— Ох, какой ты правильный, бугор, прямо-таки не человек, а «блокнот агитатора». Учитель красноречия. — Присыпко вздохнул. — А вообще-то ты прав — игра не стоит свеч.
— Не в свечах дело. Пачкаться нельзя.
Было слышно, как в своем спальнике зашевелился, громко дыша и стеная, Манекин. «Вот, гад, — восхитился Тарасов. Повернув голову в угол, сплюнул. — О нем разговор ведут, размазывают, как клейстер по стенке, а ему хоть бы хны!»
— Ты чего плюешься?
— Так. Слушай... Суп-то хоть и из поганой птицы был, а все же сытный. Заморили мы червячка. — Через полминуты поинтересовался неожиданно: — Есть хочешь?
— Хочу, — признался Присыпко.
— Погоди. Может, утром еще кого убьем.

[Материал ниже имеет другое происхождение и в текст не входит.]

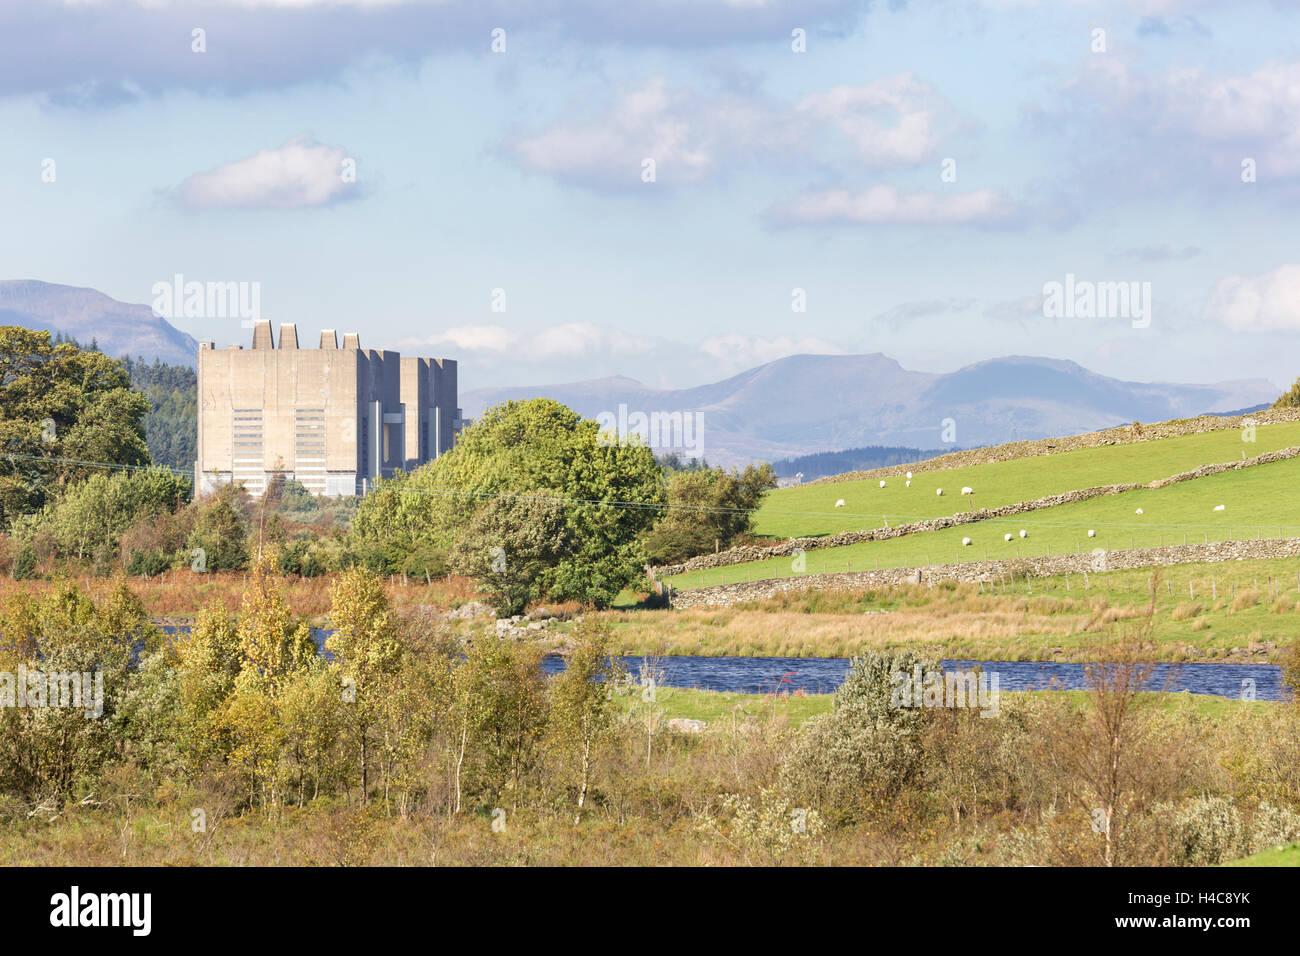 The decommissioned Trawsfynydd Nuclear Power Station, Snowdonia National Park,  Gwynedd, Wales. Stock Photo

Ведь один патрон все же остался, — Тарасов усмехнулся. — Студенцовым не израсходованный. А потом, должен же ветер стихнуть, не век ему лютовать. Не верю я, что он долгий, на всю зиму. — Тарасову было важно и в себе и в других поддерживать надежду. — Стихнет — вертолет придет.
— Зима нам ни к чему. И век тоже. Но если ветер еще пару дней протянет, от нас тут одни косточки останутся. Трупы.
— Кроме Манекина, — Тарасов закашлялся, помотал головою в темноте.
— Ну, он трус, он долго не протянет. Как только окажется среди трупов, так сам и загнется. И патроны не надо на него тратить, и грех на душу брать...
— Веселый мы с тобой разговор, Володь, ведем.
— Веселый, — Присыпко зашевелился в темноте, замер, прислушиваясь к гоготу ветра. Пробормотал тоскливо: — И когда он только, гад, стихнет? Вот нечистая сила. Ох, и...
— Знаешь, — обрывая бормот связчика, вздохнул Тарасов, отер пальцами глаза. — У нас одна заначка есть. Я, когда галку обдирал, на худой случай перья с нее собрал. Так что мы имеем еще шанс. Перья сварим. Проку мало, но каждое перышко обсосать можно. Это, конечно, не гармошка. Скоро камни жрать будем. Давай спать.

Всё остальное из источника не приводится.